Facebook bloque les actualités en Australie en guise de représailles

À leur réveil jeudi, les Australiens n’ont pas pu publier de liens renvoyant vers des articles d’actualité ni consulter les pages Facebook de médias locaux ou internationaux.
Image: Capture d'écran À leur réveil jeudi, les Australiens n’ont pas pu publier de liens renvoyant vers des articles d’actualité ni consulter les pages Facebook de médias locaux ou internationaux.

Facebook a bloqué jeudi en Australie le partage sur sa plateforme de nombreux contenus d’actualité, un geste aussitôt dénoncé qui risque d’entraîner une prolifération dans le pays des fausses informations circulant sur le réseau social.

« Facebook doit prendre en compte les implications de cette mesure draconienne, a aussitôt réagi la Fédération internationale des journalistes, non seulement sur ses utilisateurs qu’il prétend servir, mais aussi sur le droit du public à des informations précises et factuelles pendant une pandémie mondiale. »

« En limitant les nouvelles indépendantes et produites par des professionnels en Australie, Facebook permet la promotion de théories complotistes, des adeptes [du mouvement conspirationniste] QAnon, des désinformations et des fausses nouvelles sur sa plateforme », a fustigé de son côté le président de l’Alliance australienne des médias, du divertissement et des arts, Marcus Strom.

À leur réveil jeudi, les Australiens n’ont pas pu publier de liens renvoyant vers des articles d’actualité ni consulter les pages Facebook de médias locaux ou internationaux.

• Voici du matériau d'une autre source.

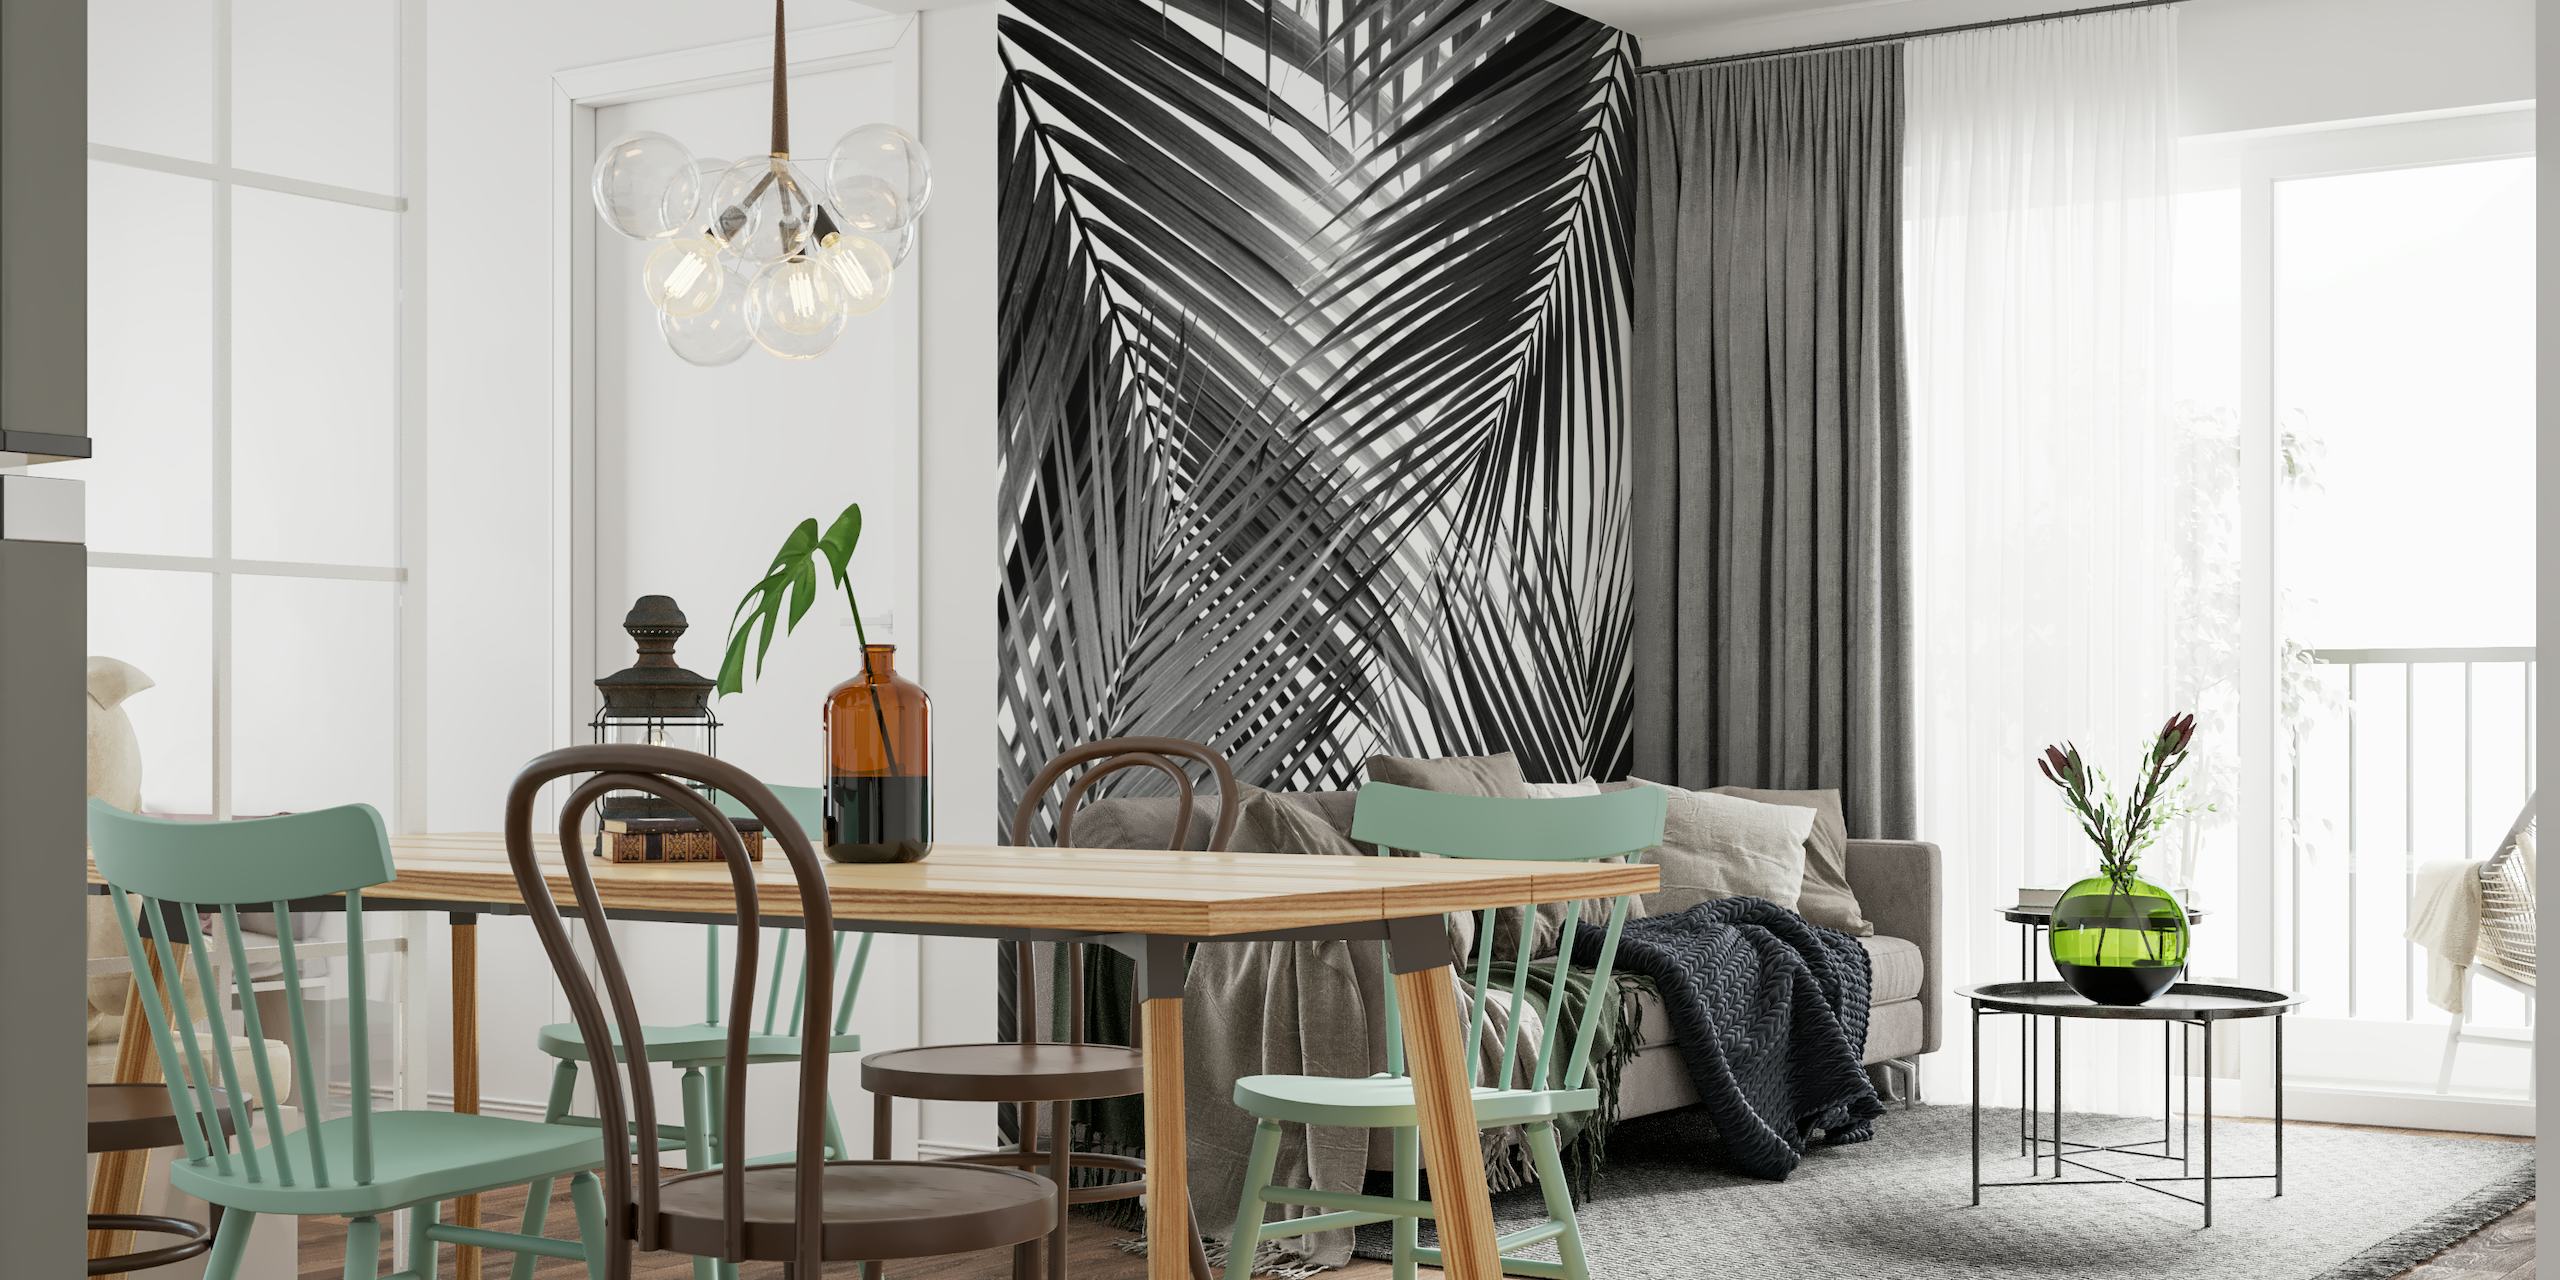 Zwart-witte muurschildering van abstract palmbladerenontwerp

Et les personnes vivant à l’étranger n’avaient plus accès aux informations australiennes.

Le premier réseau social au monde a ainsi voulu riposter à un projet de loi du gouvernement australien qui vise à le contraindre, tout comme Google, à rémunérer les médias pour la reprise de leurs contenus. Cette mesure de représailles a rapidement suscité la colère de nombreux Australiens sur la plateforme.

Les pages d’associations de lutte contre le cancer ou d’aide aux sans-abri apparaissaient comme vides, tout comme celle de grandes entreprises. Des pages officielles des services de secours servant à alerter la population en cas de feux de forêts, d’inondation ou d’épidémie ont aussi été affectées par inadvertance. Le réseau social s’est néanmoins activé à les rétablir.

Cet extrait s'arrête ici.